A summary and reflection of this article:
On 11th September, a fourteen-year-old Kenyan schoolgirl took her own life after being humiliated by a teacher for leaking and staining her uniform with period blood at school. She had no menstrual products available to wear to school, and when she inevitably soiled her clothes, her male teacher called her “dirty” and sent her out of the classroom. Her mother stated that she came home, explained what happened, went to fetch water, and took her own life.

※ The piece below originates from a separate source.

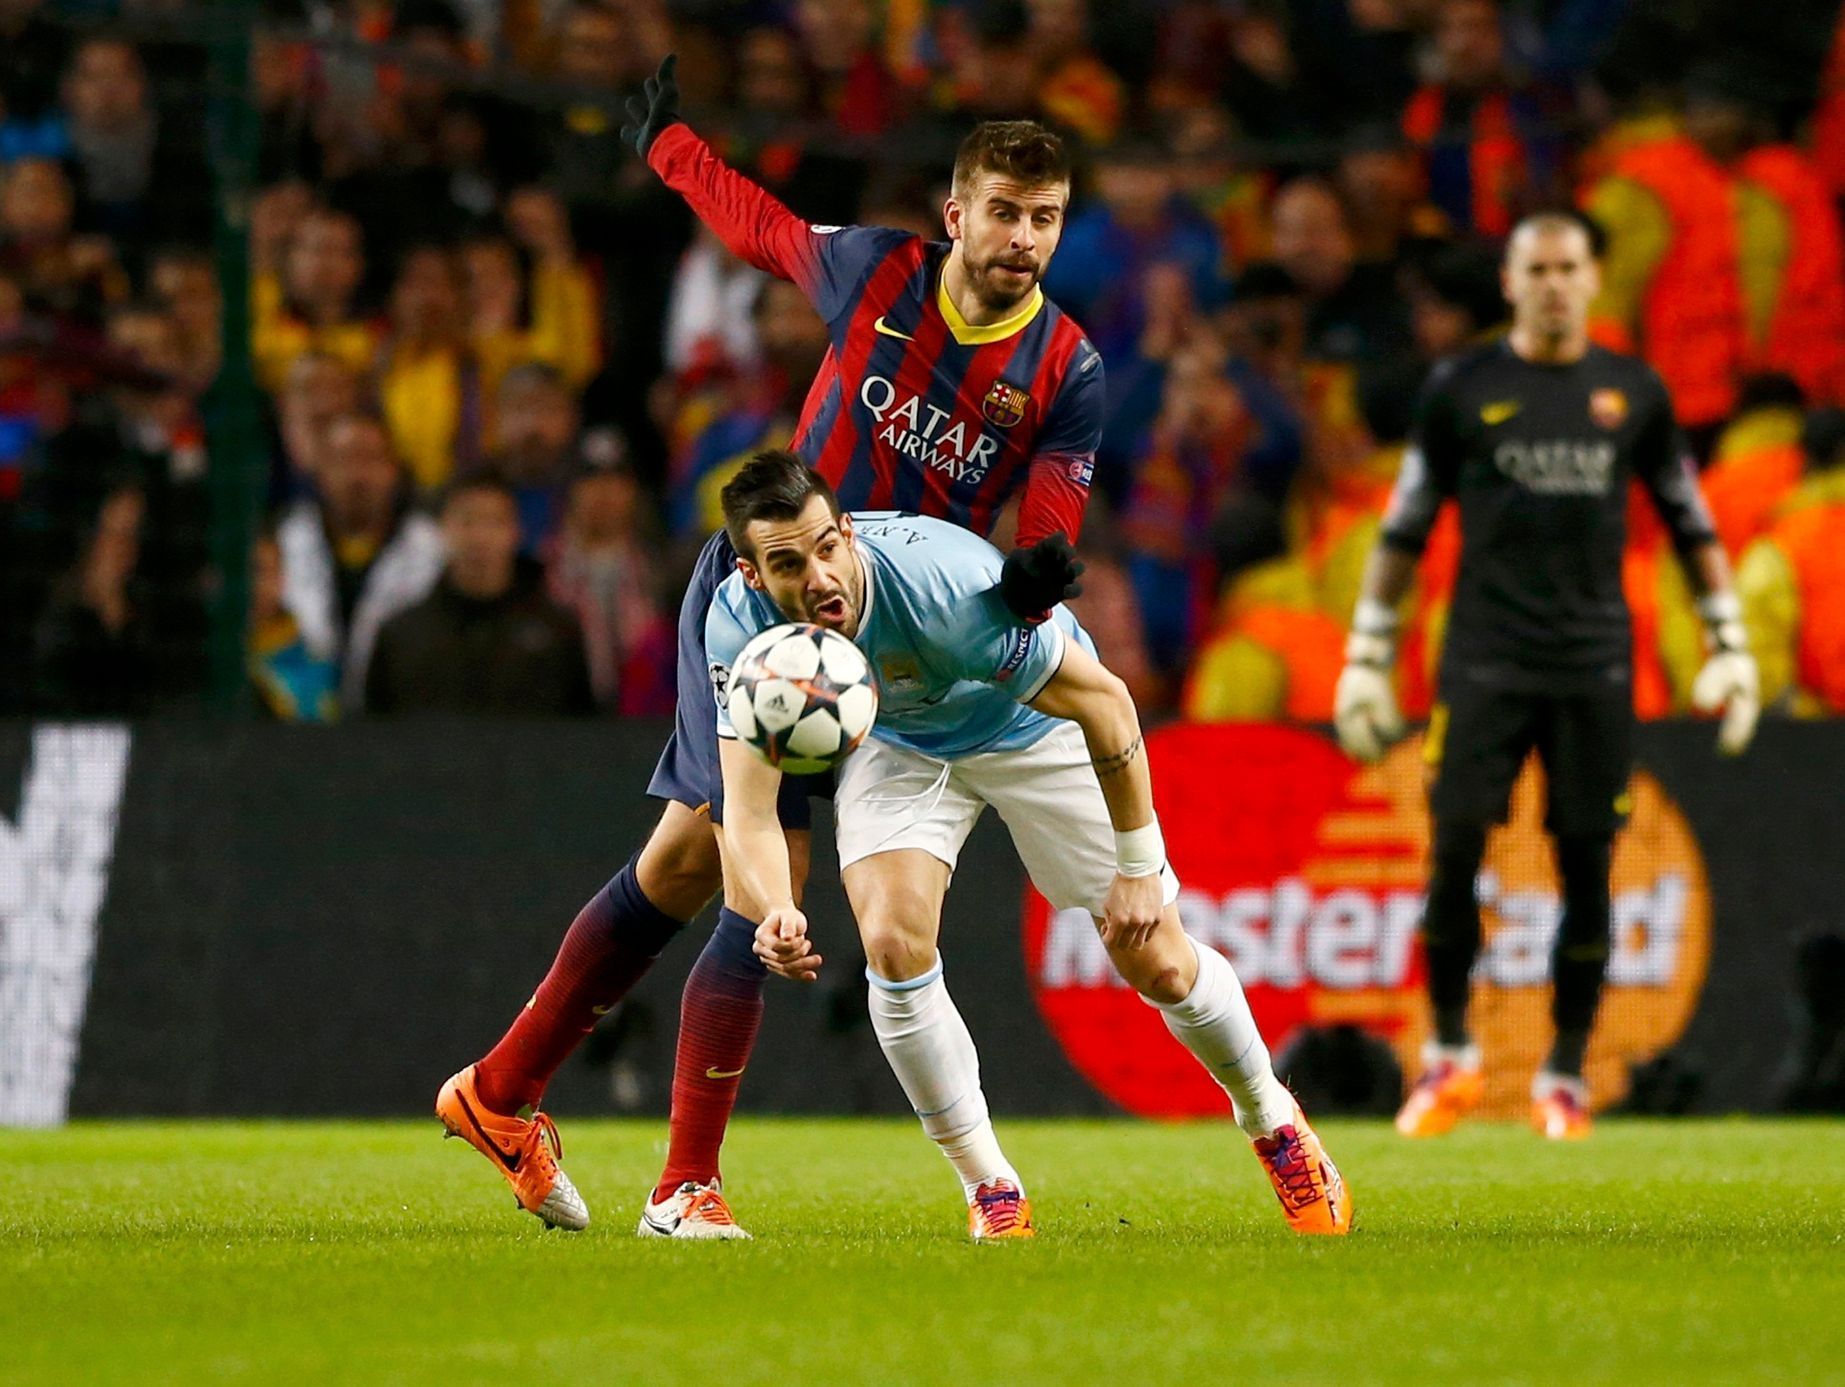 Manchester City's Alvaro Negredo is challenged by Barcelona's Gerard Pique during their Champions League round of 16 first leg soccer match at the Etihad Stadium in Manchester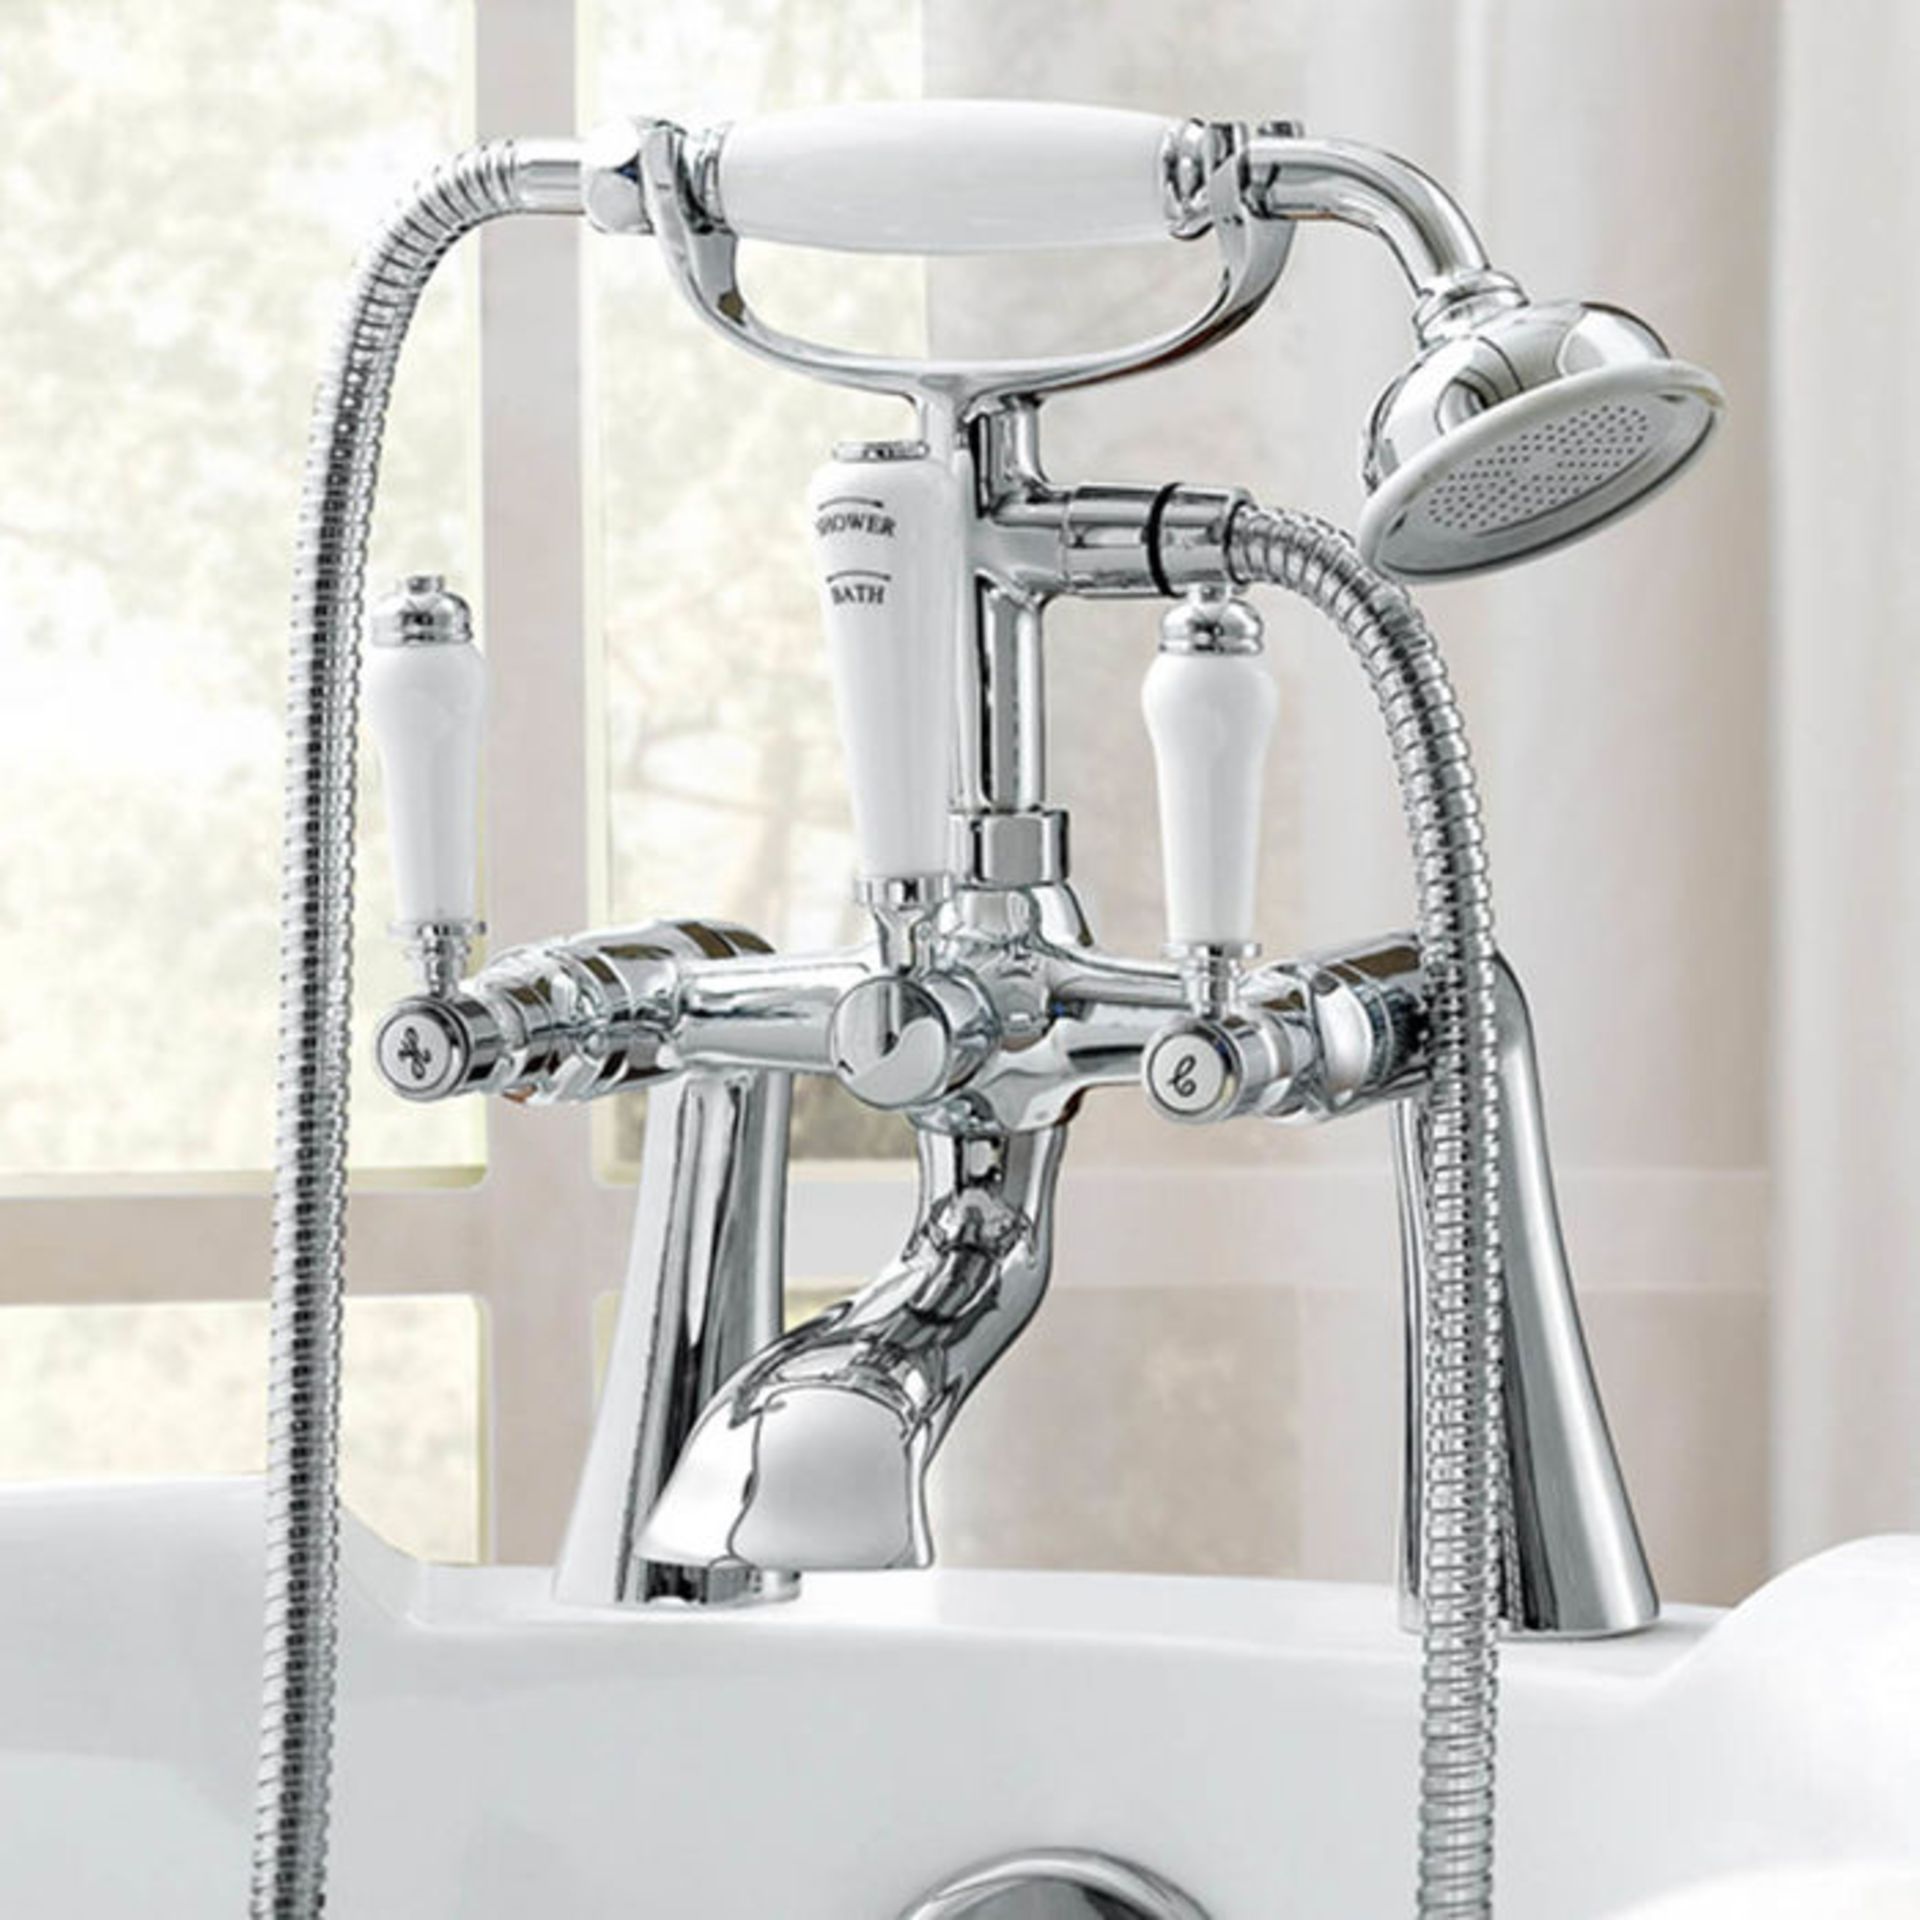 (PA39) Regal Chrome Traditional Bath Mixer Lever Tap with Hand Held Shower Chrome Plated Solid Brass - Image 3 of 5

What is shocking about this news is not only the fact that menstrual shaming caused a young girl to be so humiliated that she felt she no longer had a reason to live, but that it occurred only a few months ago. Despite the law Kenya passed in 2017 to provide free sanitary towels for schoolgirls, shaming and isolation due to mishaps during a girl’s period is still extremely prevalent and destructive to the life of a growing, maturing female. As a person living a very privileged and sheltered life, it is difficult to visualize the depth and complexity of GEP’s issues as we may be shielded from incidents like this. Seeing the headline, “Kenyan schoolgirl takes her own life after ‘period shaming’” was sobering because it related so closely the issues we target within the work of our service. It makes me realize that these are the girls that we are working to help save by eradicating the taboo around periods, ensuring all women have access to sanitary products, and that those products are sustainable and reusable. She is not the first to have suffered at the hands of menstrual shaming and period poverty, but GEP hopes she will be within the last.
This incident is heartbreaking and terrifyingly familiar. But it only further solidifies the fact that what we are fighting for in Generation Education Period is more necessary now than ever.